• _Dataset content_
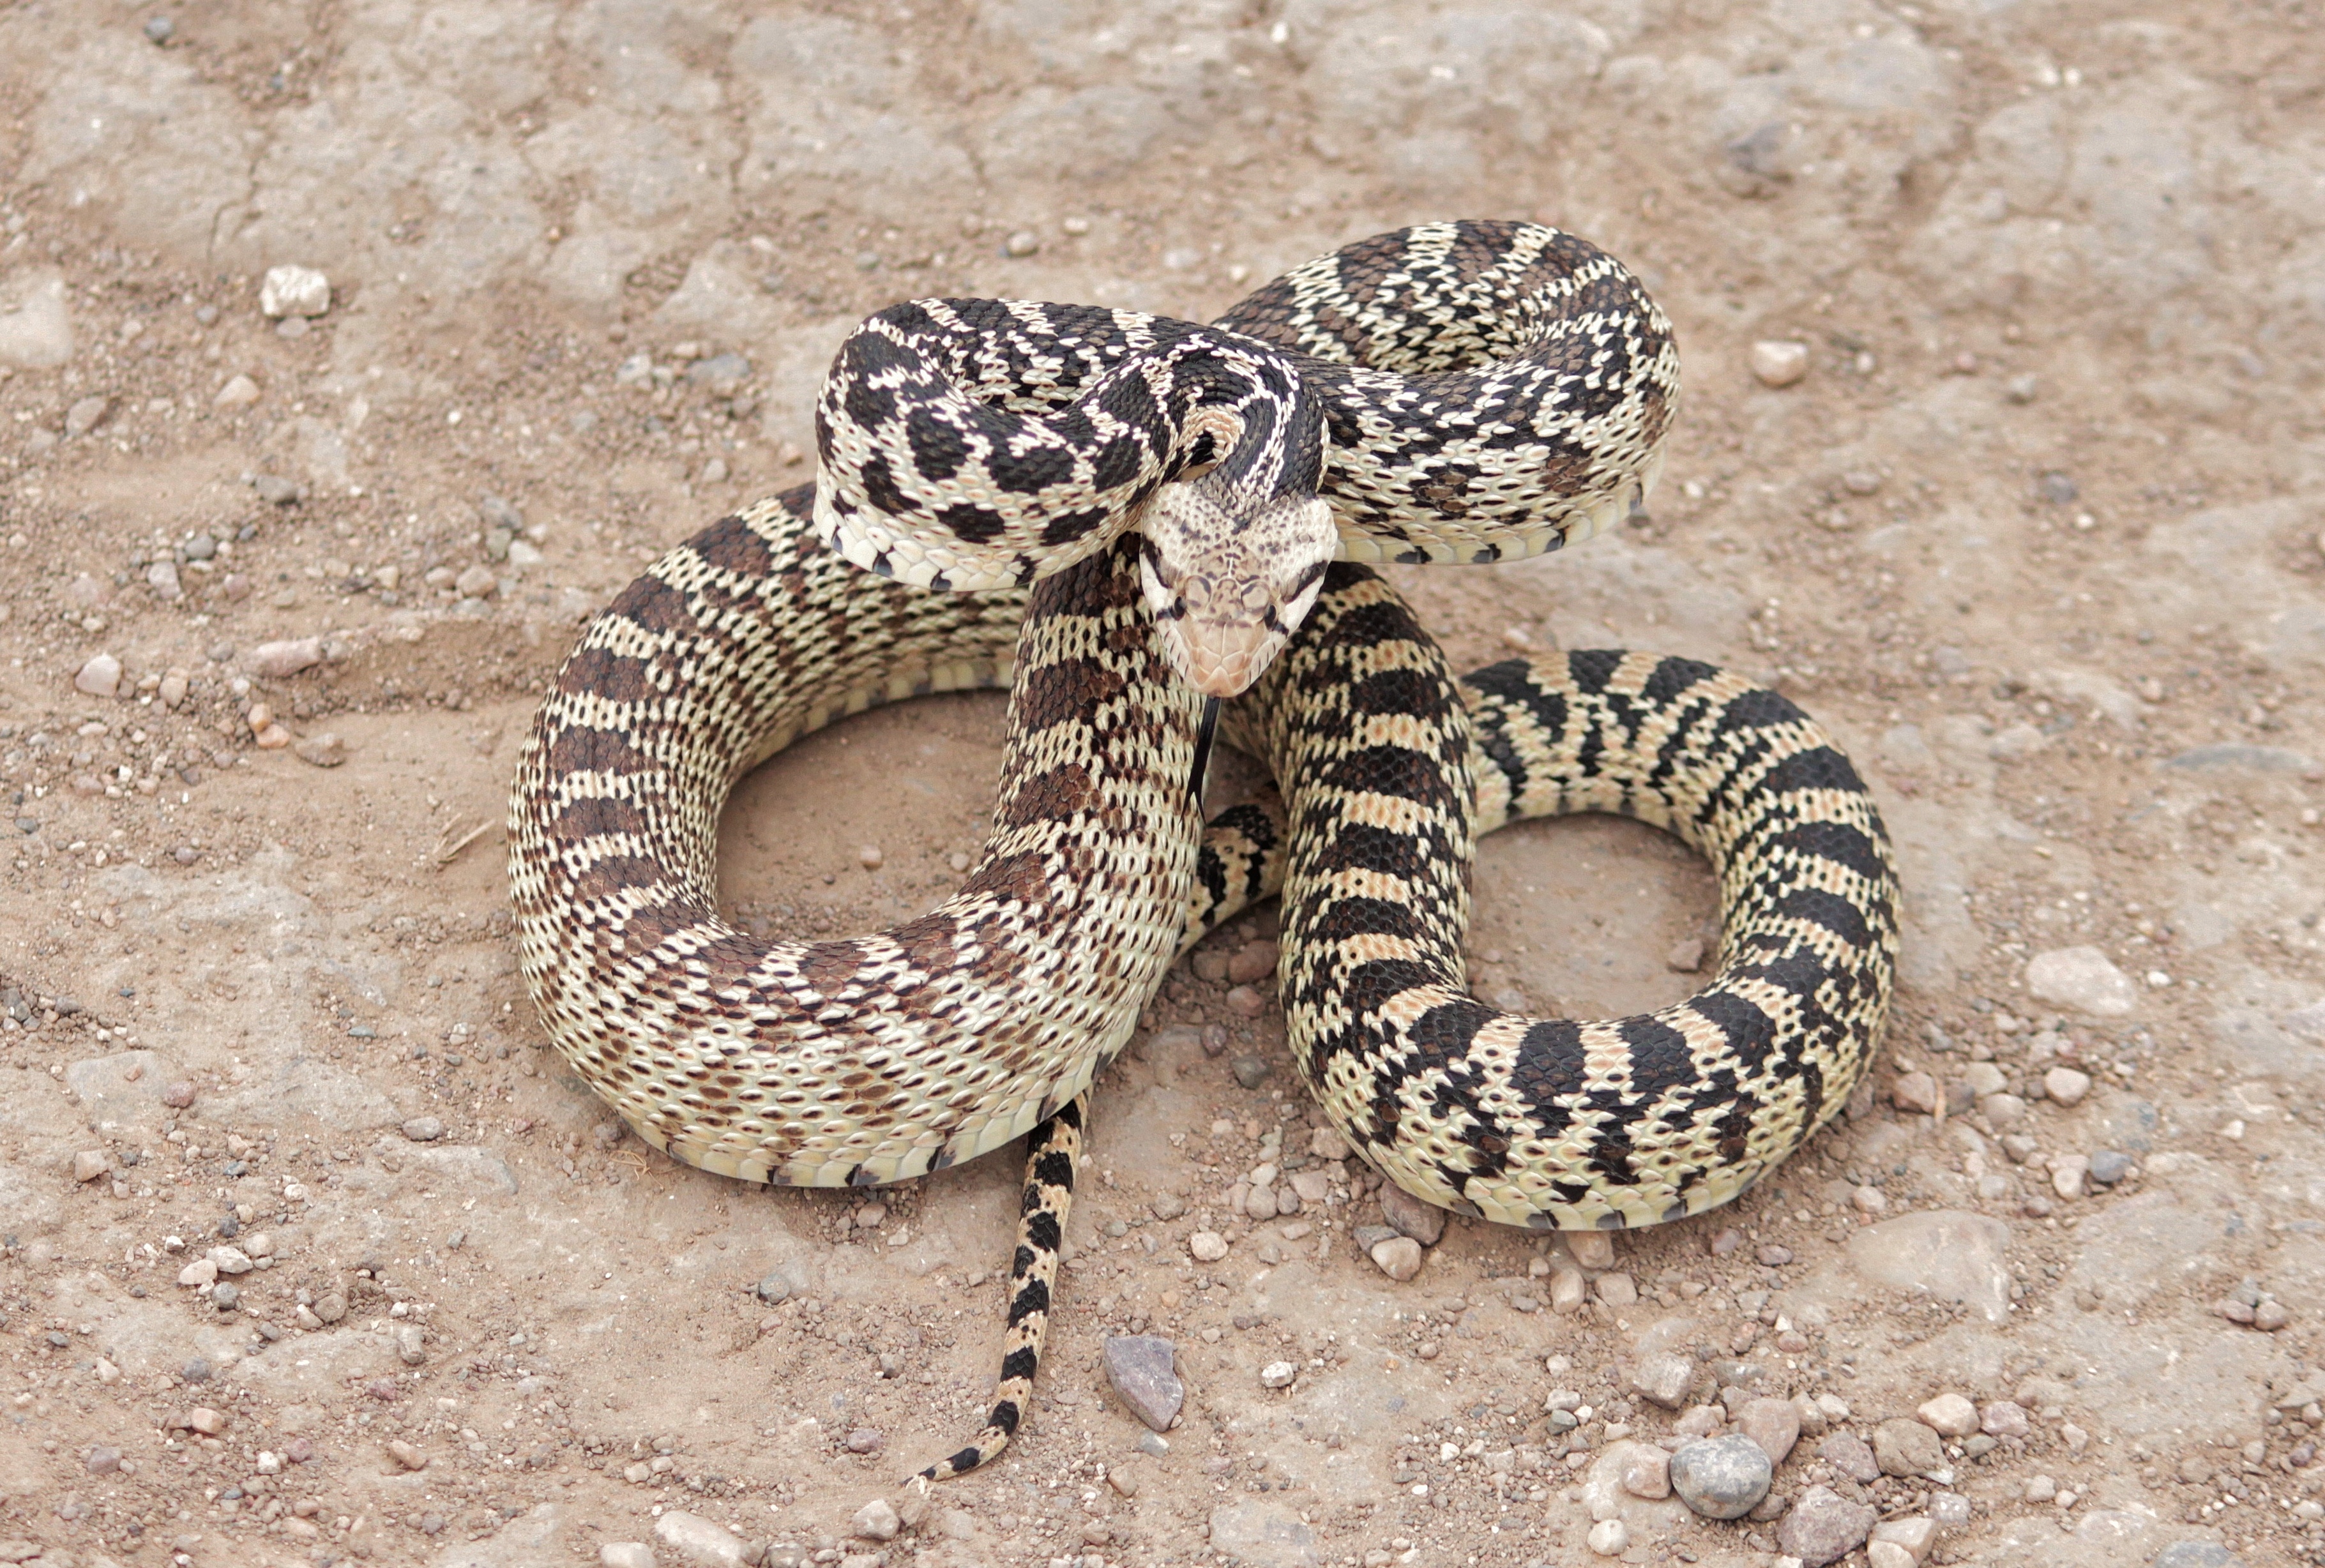 A gopher snake imitating a rattlesnake.
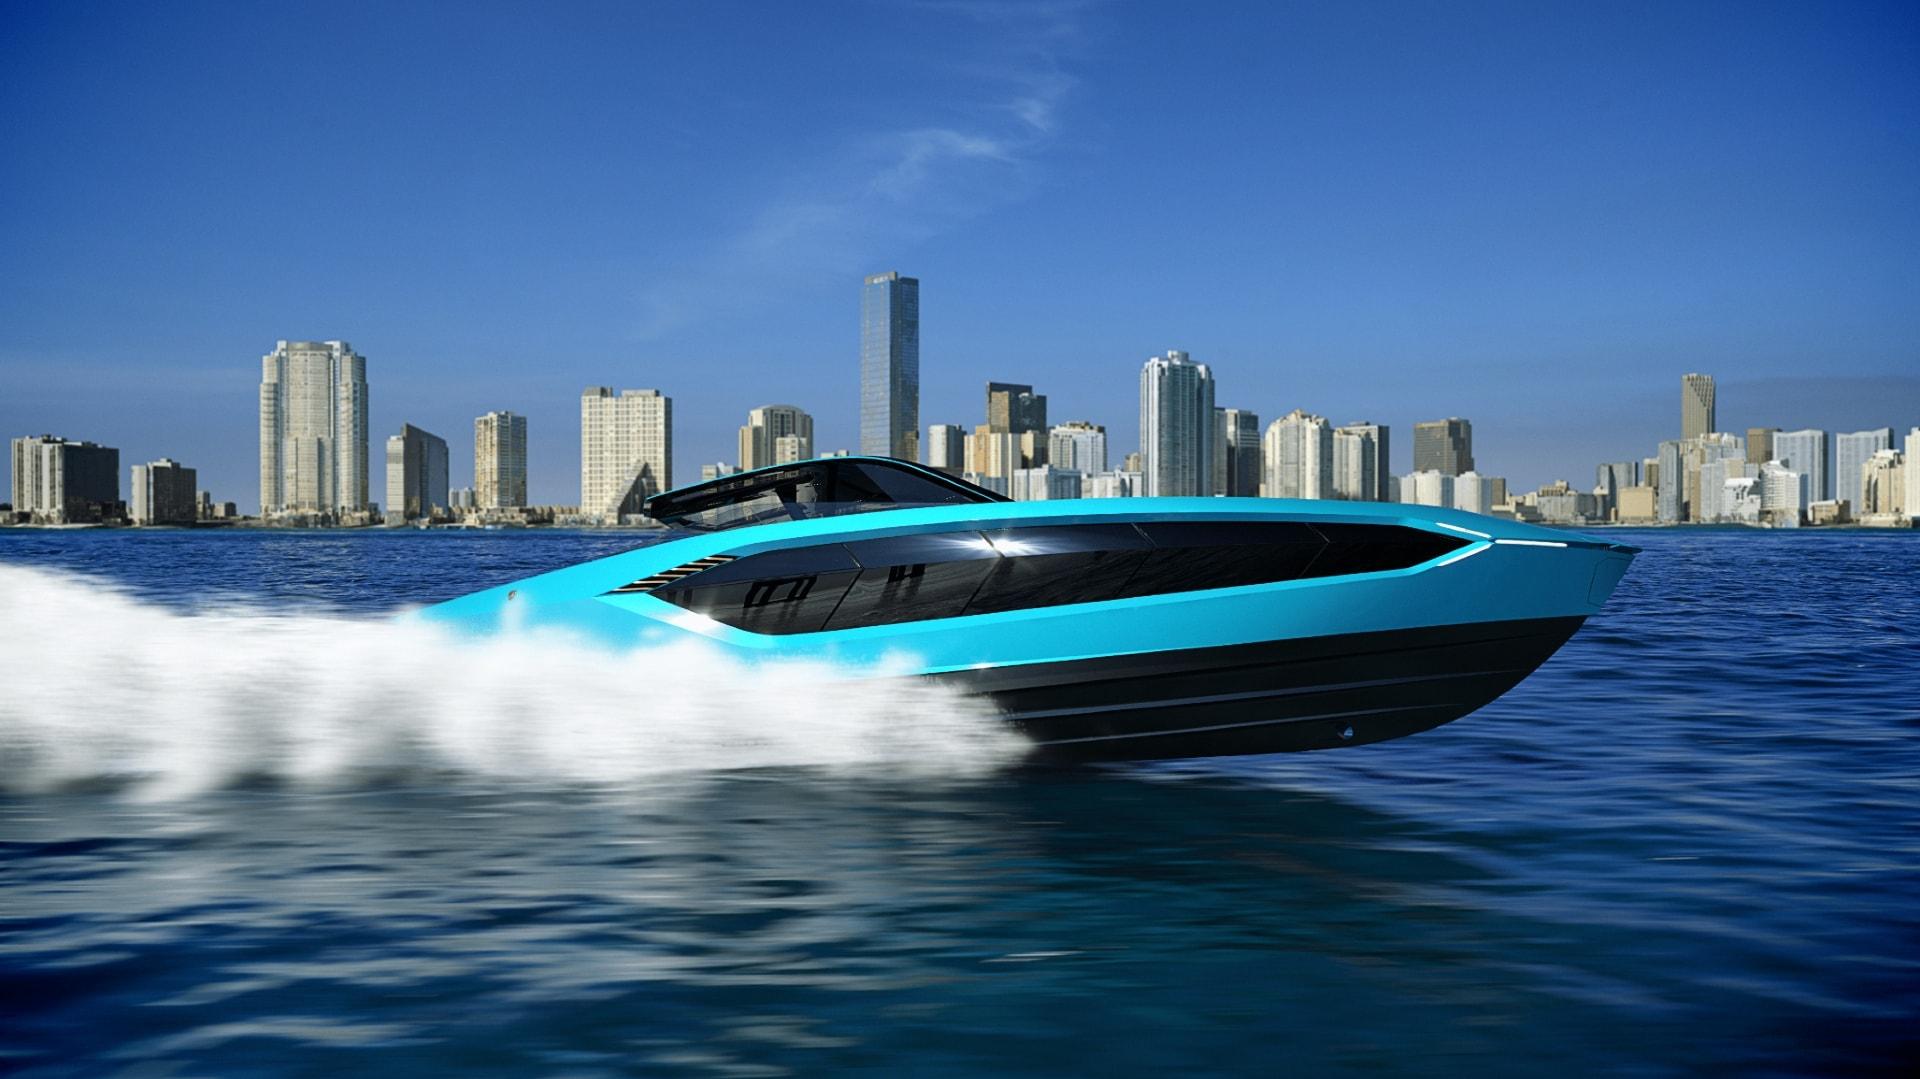 Tecnomar for Lamborghini 63 the motor yacht unveiled
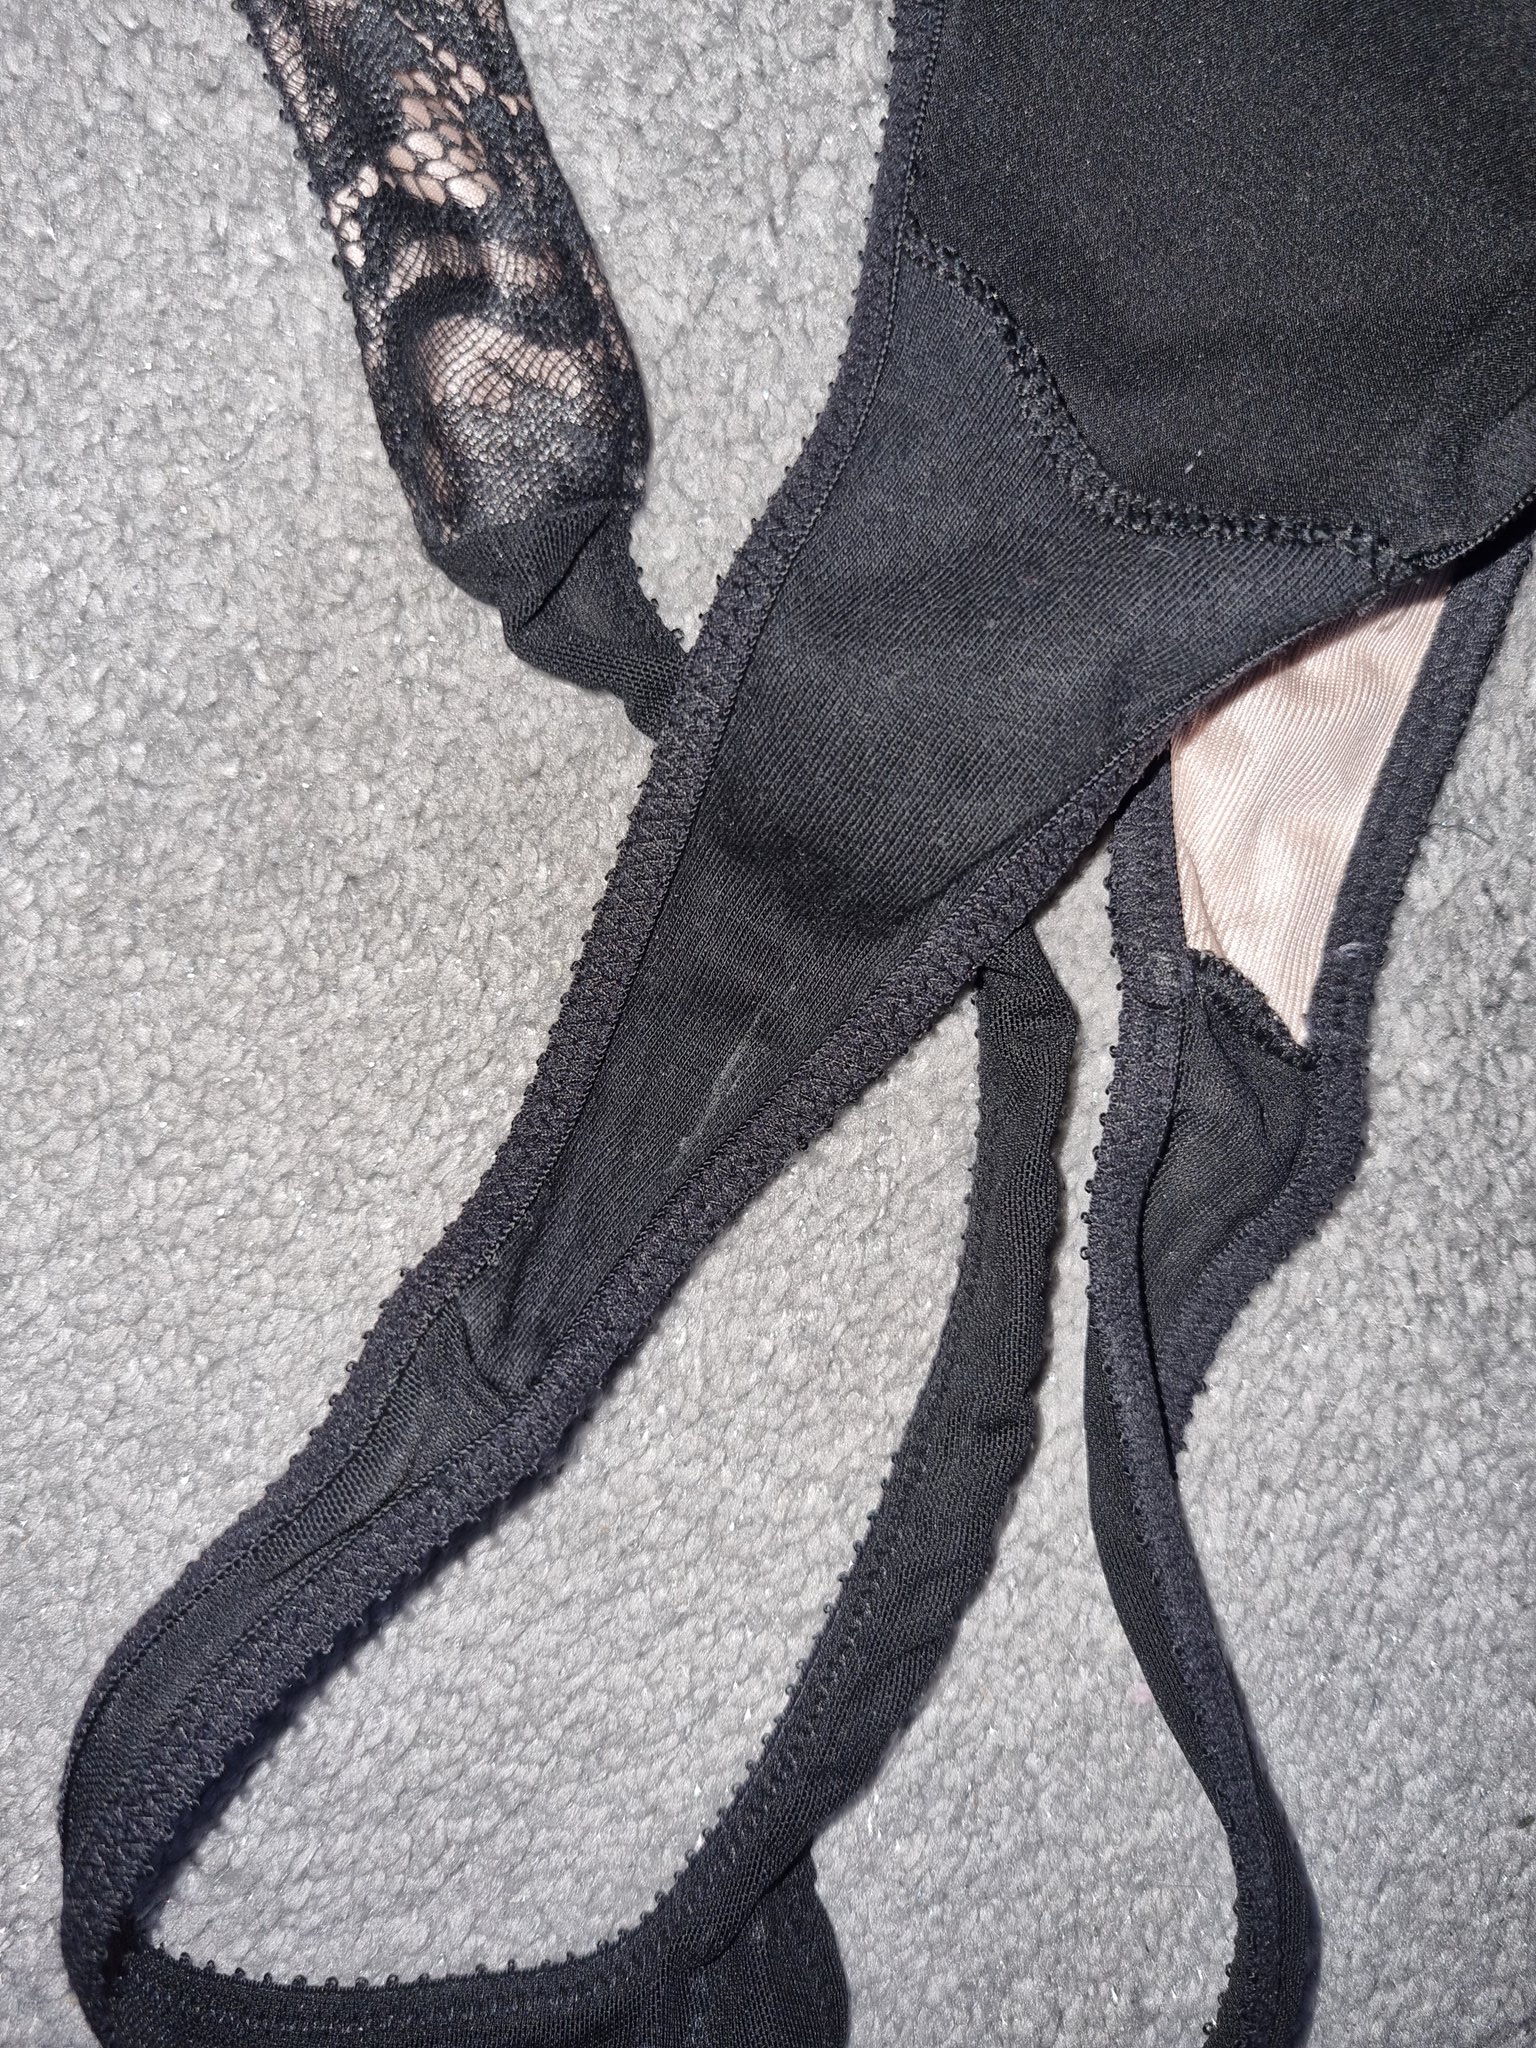 My Wifes Panties On Twitter Nice Thong 😜 😍 Kkazdaofwr

• _What the task asks_
Word for word, retype all of the data above, but include no pictures.

• _Response for this exercise_
 A gopher snake imitating a rattlesnake.
 Tecnomar for Lamborghini 63 the motor yacht unveiled
 My Wifes Panties On Twitter Nice Thong 😜 😍 Kkazdaofwr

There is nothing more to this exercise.